Introduction to OpenAI Evals
OpenAI Evals provides an essential framework for assessing large language models (LLMs) or systems developed using these models. It offers a comprehensive registry of evaluation tools, enabling users to test various aspects of OpenAI models. Moreover, users have the flexibility to create custom evaluations tailored to their specific use cases, including private evaluations using personal data, ensuring data security and privacy.
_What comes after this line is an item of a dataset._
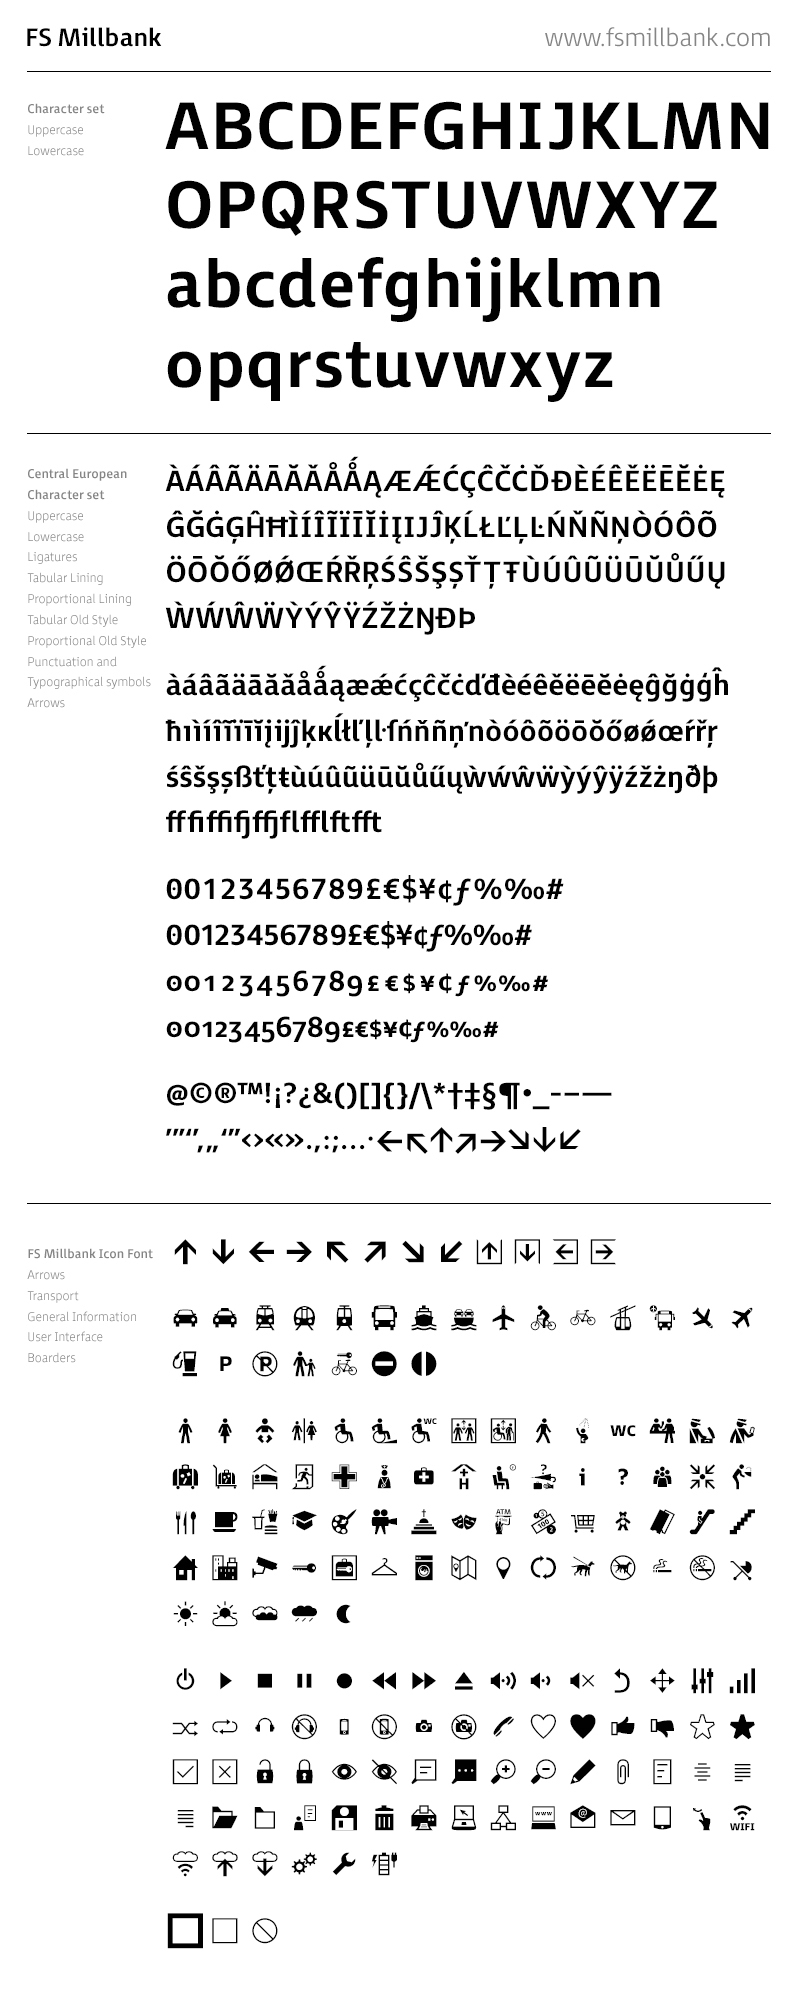 font new font new typeface font design type design wayfinding

Creating high-quality evaluations is one of the most impactful steps for those developing with LLMs. Evaluations help users understand how different versions of models might influence their projects, saving time and effort in the long run. As stated by Greg Brockman, President of OpenAI, evaluations are crucial for any project involving LLMs.
Setup and Requirements
To run OpenAI Evals, users need an OpenAI API key, which can be set up by following instructions available on the OpenAI platform. Awareness of the associated costs when using the API is crucial. Additionally, evaluations can also be run and created using Weights & Biases for those inclined.
The minimum requirement for running the framework is Python 3.9. The evals registry, stored using Git-LFS, can be fetched and downloaded locally to access the evaluation data pertinent to users' needs.
Creating and Running Evals
Users interested in creating evaluations should clone the repository directly from GitHub. By installing the necessary requirements through the command line, any changes made to evaluations can be reflected immediately without needing reinstallation. Additional tools such as formatters can be installed for pre-committing hooks to automate tasks on every commit.
For those who simply wish to run existing evaluations without contributing new ones, the evals package can be easily installed via pip. Detailed instructions are available in the documentation, providing templates and protocols for advanced usage scenarios like prompt chains or tool-using agents. For optional logging, eval results can be sent to a Snowflake database, should the user choose to set one up.
Writing Custom Evals
Beginners are encouraged to walk through available documentation which details the process of building an evaluation. Examples of custom evaluation logic and completion functions are available to help users start their projects. However, it should be noted that evaluations containing custom code are not currently accepted for public contribution. Instead, model-graded evals can be submitted using custom YAML files.
If users believe they have developed an interesting evaluation, they can submit a pull request. OpenAI actively reviews submitted evaluations for potential integration into future model improvements.
Frequently Asked Questions (FAQ)
The extensive FAQ section provides users with examples of evaluations from start to finish and showcases evaluations implemented using diverse methodologies. It also addresses common concerns, such as what to do if an evaluation process hangs at the end.
For those who are proficient in prompt engineering and may not wish to code, the framework offers existing templates to help create evaluations without writing any code. Users can simply provide their data in JSON format and define evaluation parameters in a YAML file. The documentation and supplementary Jupyter notebooks serve as valuable resources to guide users through the process.
Disclaimer
Contributions to the OpenAI Evals project are subject to the MIT license, and contributors are required to ensure adequate rights to any data they upload. OpenAI reserves the right to use this data for future improvements of its services. All contributions must adhere to OpenAI's Usage Policies.